Re: Usage of CloudSolrServer?

Posted by Upayavira <uv...@odoko.co.uk>.

If you are accessing Solr from Java code, you will likely use the SolrJ
client to do so. If your users are hitting Solr directly, you should
think about whether this is wise - as well as providing them with direct
search access, you are also providing them with the ability to delete
your entire index with a single command.

SolrJ isn't really a load balancer as such. When SolrJ is used to make a
request against a collection, it will ask Zookeeper for the names of the
shards that make up that collection, and for the hosts/cores that make
up the set of replicas for those shards.

It will then choose one of those hosts/cores for each shard, and send a
request to them as a distributed search request.

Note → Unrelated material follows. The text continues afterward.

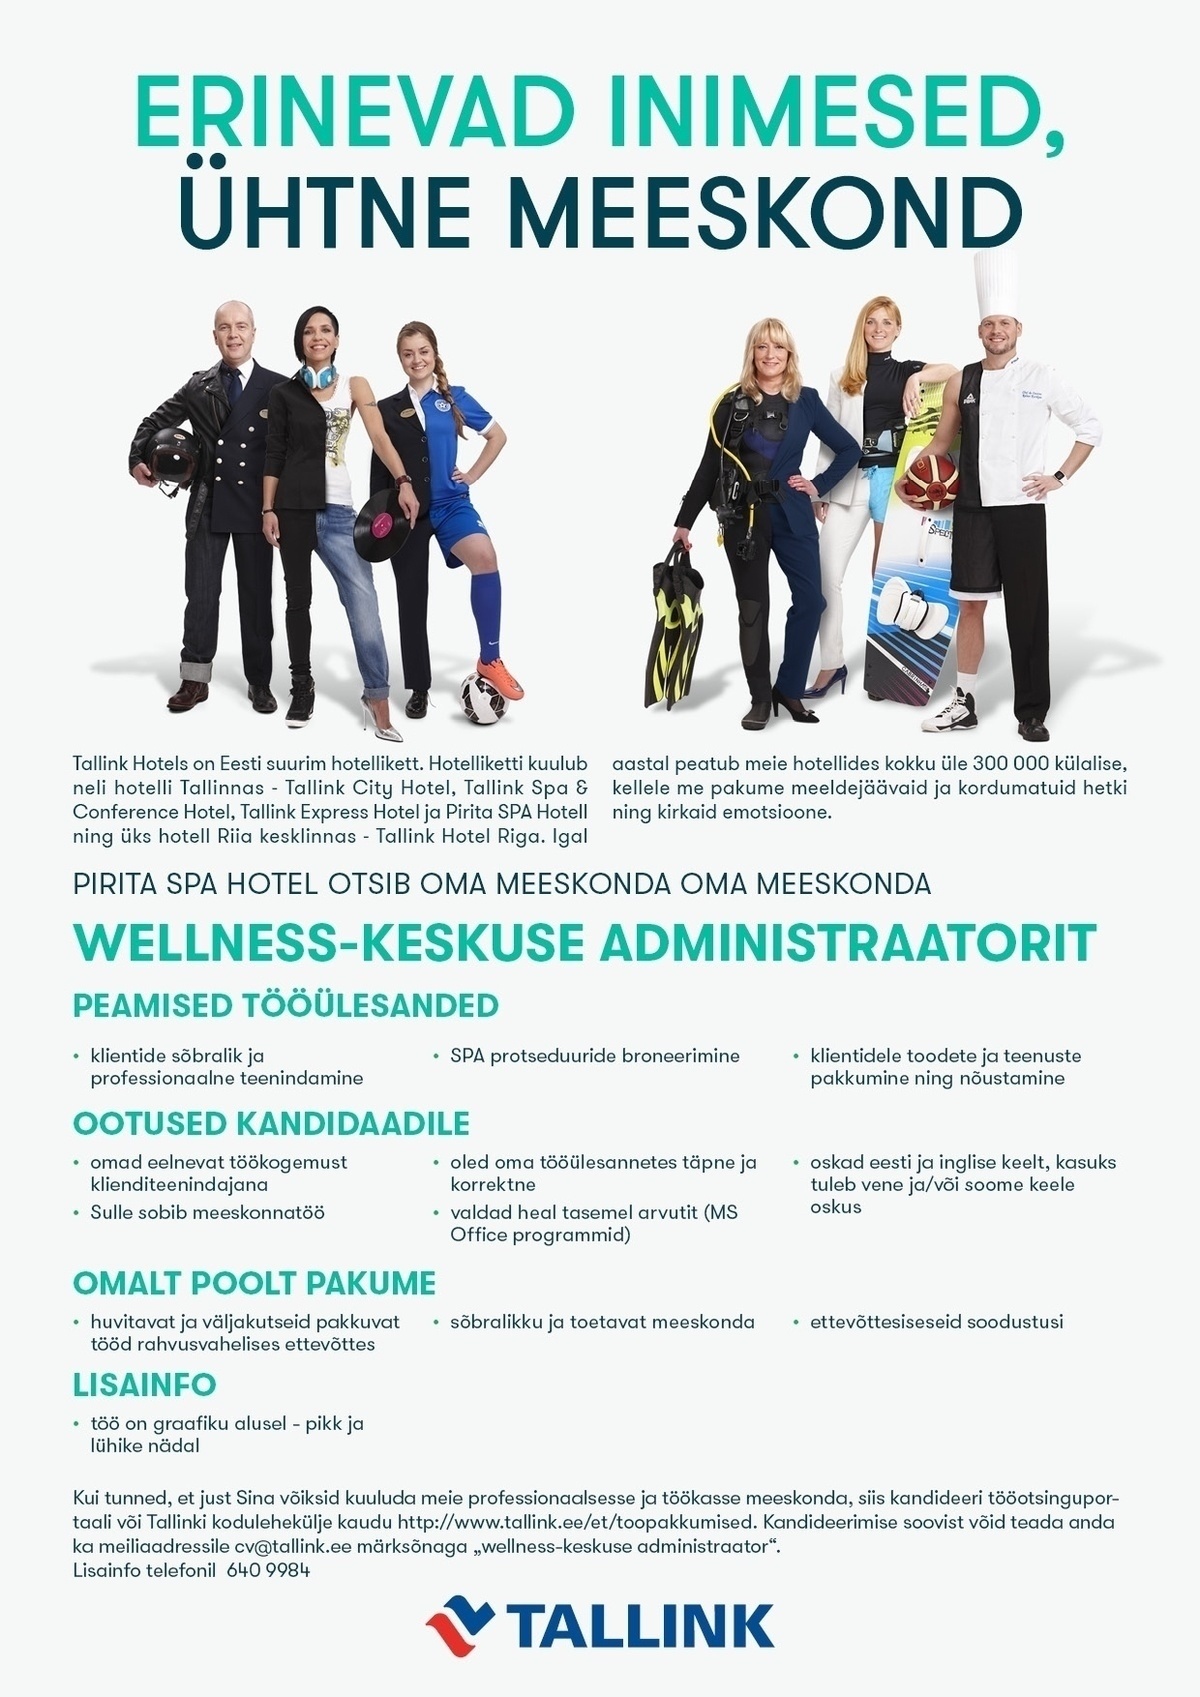 Tallink Grupp AS Wellness-keskuse administraator (Pirita SPA Hotel)

This has the advantage over traditional load balancing that if you bring
up a new node, that node will register itself with ZooKeeper, and thus
your SolrJ client(s) will know about it, without any intervention.

Upayavira

On Tue, Apr 16, 2013, at 08:36 AM, Furkan KAMACI wrote:
> Hi Shawn;
> 
> I am sorry but what kind of Load Balancing is that? I mean does it check
> whether some leaders are using much CPU or RAM etc.? I think a problem
> may
> occur at such kind of scenario: if some of leaders getting more documents
> than other leaders (I don't know how it is decided that into which shard
> a
> document will go) than there will be a bottleneck on that leader?
> 
> 
> 2013/4/15 Shawn Heisey <so...@elyograg.org>
> 
> > On 4/15/2013 8:05 AM, Furkan KAMACI wrote:
> >
> >> My system is as follows: I crawl data with Nutch and send them into
> >> SolrCloud. Users will search at Solr.
> >>
> >> What is that CloudSolrServer, should I use it for load balancing or is it
> >> something else different?
> >>
> >
> > It appears that the Solr integration in Nutch currently does not use
> > CloudSolrServer.  There is an issue to add it.  The mutual dependency on
> > HttpClient is holding it up - Nutch uses HttpClient 3, SolrJ 4.x uses
> > HttpClient 4.
> >
> > https://issues.apache.org/**jira/browse/NUTCH-1377<https://issues.apache.org/jira/browse/NUTCH-1377>
> >
> > Until that is fixed, a load balancer would be required for full redundancy
> > for updates with SolrCloud.  You don't have to use a load balancer for it
> > to work, but if the Solr server that Nutch is using goes down, then
> > indexing will stop unless you reconfigure Nutch or bring the Solr server
> > back up.
> >
> > Thanks,
> > Shawn
> >
> >

Re: Usage of CloudSolrServer?

Posted by Furkan KAMACI <fu...@gmail.com>.

Hi Shawn;

I am sorry but what kind of Load Balancing is that? I mean does it check
whether some leaders are using much CPU or RAM etc.? I think a problem may
occur at such kind of scenario: if some of leaders getting more documents
than other leaders (I don't know how it is decided that into which shard a
document will go) than there will be a bottleneck on that leader?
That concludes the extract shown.